EarthTime, stitching together and animating high-definition satellite imagery, ties together diverse data layers to show the patterns and connections behind some of the major social and political trends of the past two decades – and how they are inscribed into fast-changing landscapes. The platform has already been used in public outreach in schools and museums, and to inform world leaders at World Economic Forum events of major environmental and geo-economic shifts, from air pollution to inequality. It uses images captured by NASA satellites since 1984.

When I saw a few examples I was stunned. We humans are visually oriented. We are struggling to make sense of text and numbers. We like graphs and images with colors better. But what really soothes our senses is colorful moving images. The following videos show something in a few seconds, which I previously had trouble believing.

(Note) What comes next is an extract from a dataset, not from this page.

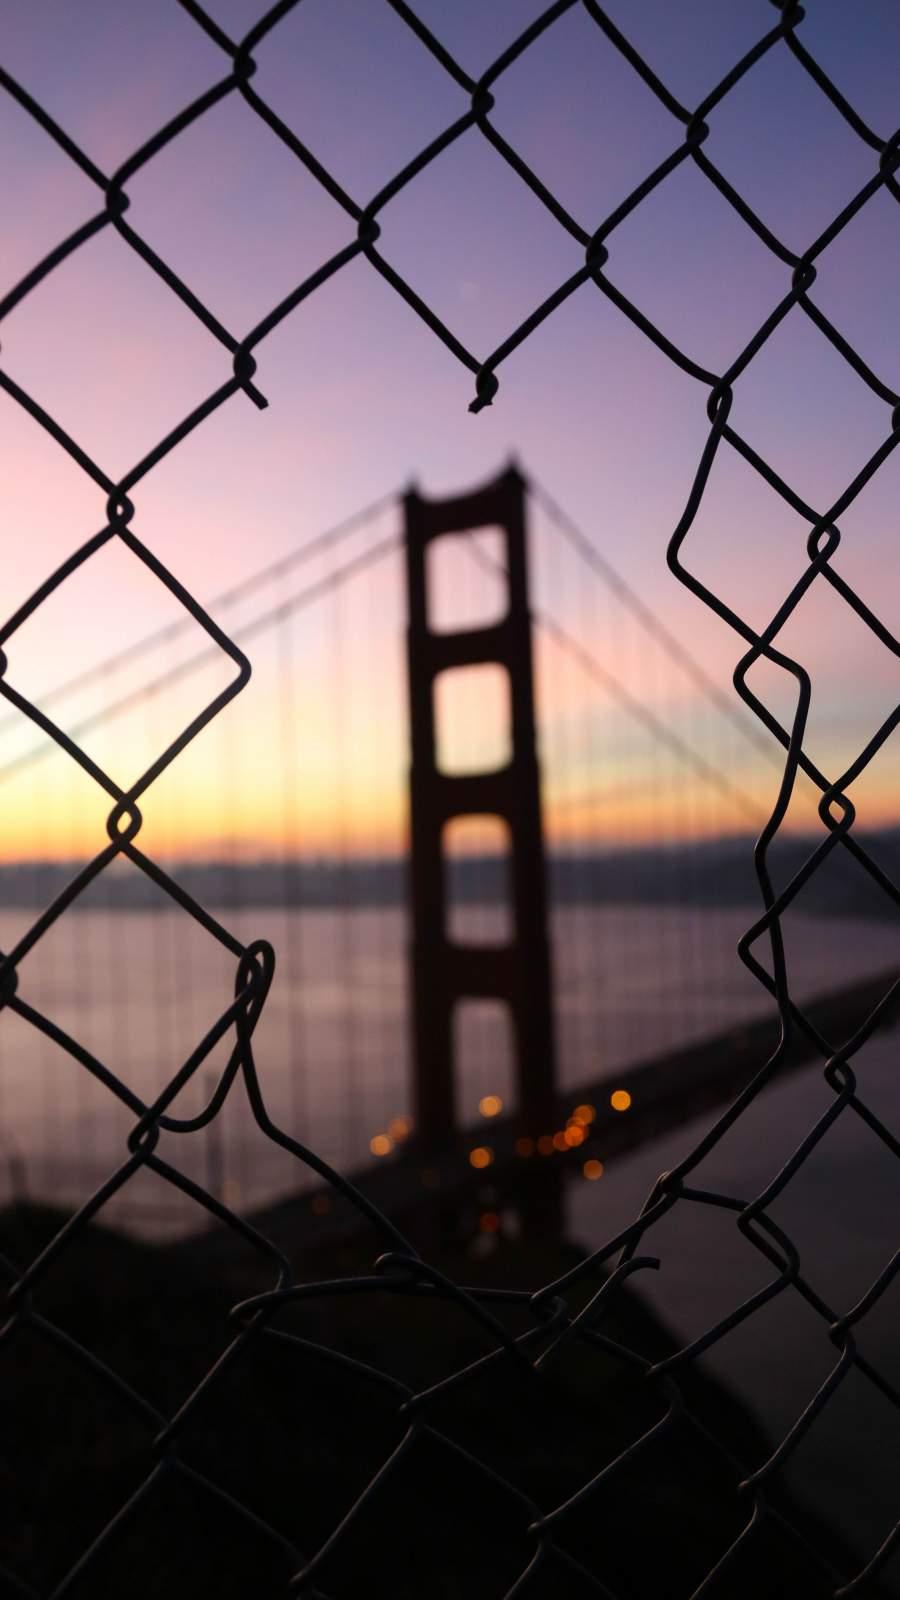 Morning Bridge Sunrise iPhone Wallpaper

But before I start playing with EarthTime, let’s get the scary bit out of the way first. This video from NASA is the most frightening I have ever seen, and yes, if we had no prospect of the fossil fuel era being replaced by anything else, it would show that glimpse in the planet’s history where man burned it all and died in the flames. It shows temperature changes year by year over the last 137 years. Everything looks calm and stable for the first 100 years, but in the last few seconds we see a planet that literally overheats:

If you ponder it, you can easily panic and just feel the urge to get away … but, wait, where to? But chill out and look at the following videos. On Earthtime.org you can play with data of many kinds, just like Gapminder.org, but this time as time-lapse geographic maps. This is what I got from fiddling with wind energy data (every green dot is a wind turbine. The brighter the light, the larger the turbine):

Beautiful right? Of course, I can’t help being a little proud when I see it all starting out in Denmark, but notice the pace. It’s raging fast. Wind energy is itself able to threaten the fossil fuel industry, and this happens all over the world. Wind energy is a solid and mature industry and could handle the entire world’s energy supply in a matter of decades. But is that fast enough? This is where my fiddling with solar data on EarthTime convinces me that we’re all going to be just fine (every purple dot is a solar installation hooked up. The brighter the light, the larger the installation):

Again, notice the pace, it’s accelerating fast! When I saw that, I felt a sense of relief. What wind energy may not be able to do in due time, solar certainly will. What we are witnessing here is a conversion of energy production in the world that exceeds any previous technological implementation. This development will end with a global energy supply that is primarily based on solar energy, backed by wind and storage, and my conservative guess is that it will all be over within the next two decades.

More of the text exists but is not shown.